A pesquisa também identificou que somente 4% das empresas têm objetivos diretamente relacionados a resultados mensuráveis. Na área climática, 52% vinculam as iniciativas regenerativas às emissões indiretas da cadeia produtiva, o chamado Escopo 3. Apesar disso, apenas 24% reportam avanços nas emissões de gases de efeito estufa dentro desses programas.

Práticas como plantio direto, plantas de cobertura, integração lavoura-pecuária-floresta, controle biológico e bioinsumos continuam sendo incentivadas. A efetividade, porém, depende de fatores como solo, clima, sistema produtivo, manejo e características regionais.

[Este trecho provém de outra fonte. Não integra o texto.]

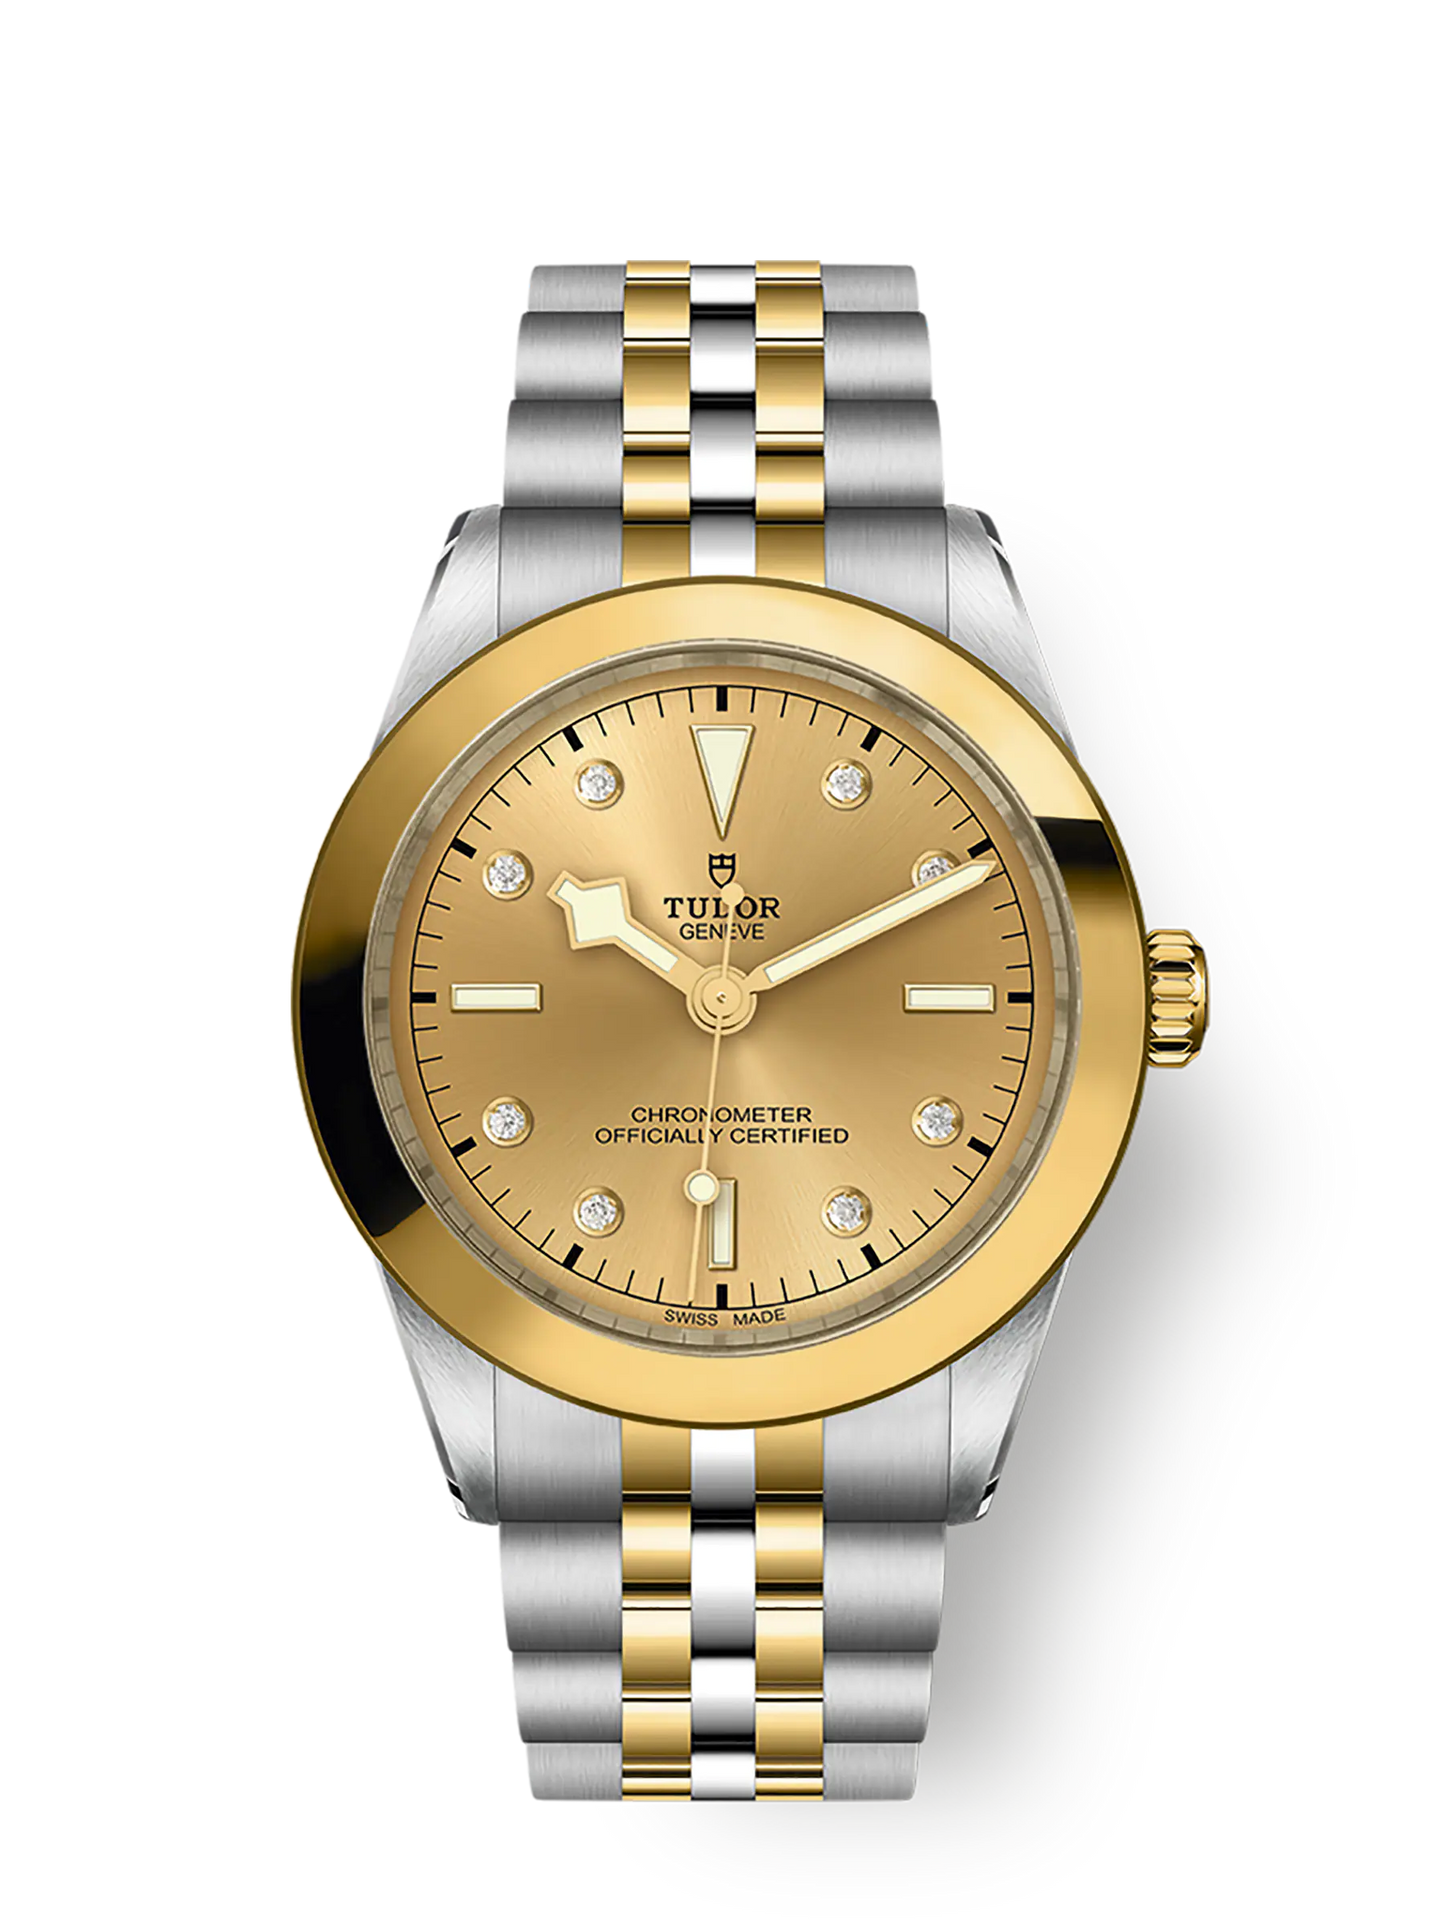 Tudor Black Bay 39 S&G, 316L Stainless Steel and 18k Yellow Gold, Ref# M79663-0008

No Brasil, iniciativas de Agricultura Tropical Regenerativa defendem a avaliação integrada de aspectos como qualidade do solo, biodiversidade, produtividade, uso de insumos, disponibilidade de água, estabilidade econômica e adaptação às mudanças climáticas.

O Grupo Associado de Agricultura Sustentável (GASS) reúne produtores, pesquisadores, consultores, empresas e instituições para desenvolver modelos adaptados à produção brasileira. Entre as ações estão capacitação técnica, dias de campo, formação de redes de consultores, uso de remineralizadores e plantas de cobertura, além de mecanismos de rastreabilidade e reconhecimento de boas práticas.